Clearly, the change was not about efficiency.  You could argue that it was either about growth-at-all-costs or, more strategically, about growth as a landgrab.

But we’re only on page 6 of the prospectus, so we’re going to need to speed up.

Speaking of billings and revenues, let’s hear what Jive has to say:

We consider billings a significant leading indicator of future recognized revenue and cash inflows based on our business model of billing for subscription licenses annually and recognizing revenue ratably over the subscription term. The billings we record in any particular period reflect sales to new customers plus subscription renewals and upsell to existing customers, and represent amounts invoiced for product subscription license fees and professional services. We typically invoice the customer for subscription license fees in annual increments upon initiation of the initial contract or subsequent renewal. In addition, historically we have had some arrangements with customers to purchase subscription licenses for a term greater than 12 months, most typically 36 months, in which case the full amount of the agreement will be recognized as billings if the customer is invoiced for the entire term, rather than for an annual period.

The following table sets forth our reconciliation of total revenues to billings for the periods shown:

This says that billings is equal to revenue plus the change in deferred revenue.  Billings is a popular metric in SaaS companies, though often imputed by financial analysts, because revenue is both damped and seen as a dependent variable.  Billings is seen as the purer (and more volatile) metric and thus seen by many as a superior way to gauge the health of the business.

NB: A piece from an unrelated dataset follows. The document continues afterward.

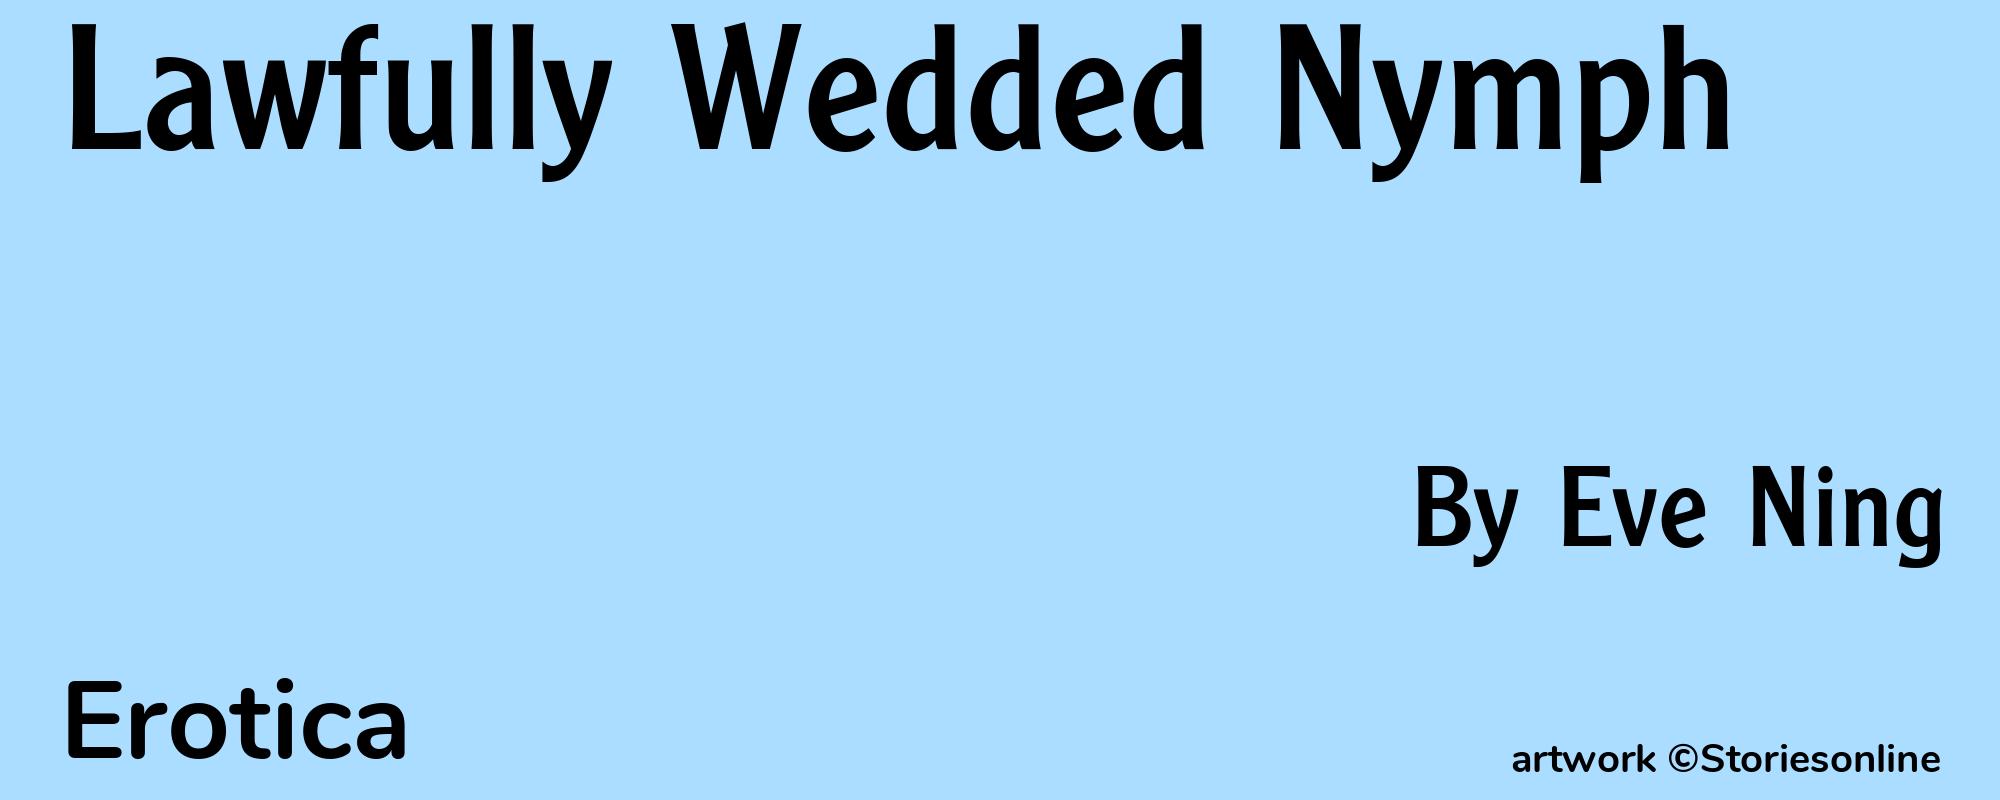 Lawfully Wedded Nymph - Cover

For Jive, from a growth perspective, this doesn’t strike me as particularly good news since billings, which were growing 99% in 2010, are growing at 59% in 1H11, compared to revenue which is growing at 76%.

Now we’re on page 8.  Happily the next 20 pages present a series of valid yet unsurprisingly risk factors that I won’t review here, though here are a few interesting extracted tidbits:

  • The company had 358 employees as of 6/30/11.
  • They plan to move from third-party hosted data centers to their own data centers.
  • Subscription agreements typically range from 12 to 36 months.
  • They do about 20% of sales internationally.
  • They recently completed three acquisitions (FiltrboxProximal,  OffiSync).
  • There is a 180 day lockup period following the offering.

Skipping out of page-by-page mode, let me pull some other highlights from the tome.

  • There were 44M shares outstanding on 6/30/11, excluding 15M options, 0.8M in the options pool, 0.9M shares subject to repurchase.  That, by my math, means ~59M fully-diluted shares outstanding after the offering.
  • Despite having $44.6M in cash on 6/30/11, they had a working capital deficit of $15.9M.
  • The Jive Engage Platform was launched in February 2007.  In August 2007, the company raised its first external capital.
  • The Jive Engage Platform had 590 customers as of 12/31/10, up from 468 at 12/31/09.  There were 635 as of 6/30/11.
  • The dollar-based renewal rate, excluding upsell, for 1H11 for transactions > $50K was over 90%.  Including upsell, the renewal rate was 125%.
  • Public cloud deployments represented 59% of product revenues in 1H11.
  • The way they recognize revenue probably hurts the professional services performance because they must ratably take the PSO revenue while taking the cost up-front.

One thing soon-to-be-public companies need to do is gradually align the common stock valuation with the expected IPO price to avoid a huge run-up in the weeks preceding the IPO.  Gone are the days where you can join a startup, get a rock-bottom strike price on your options, and then IPO at ten times that a few weeks later.  Companies now periodically do section 409a valuations in order to establish a third-party value for the common stock.  Here’s a chart of those valuations for Jive, smoothed to a line, over the 18 months prior to the filing.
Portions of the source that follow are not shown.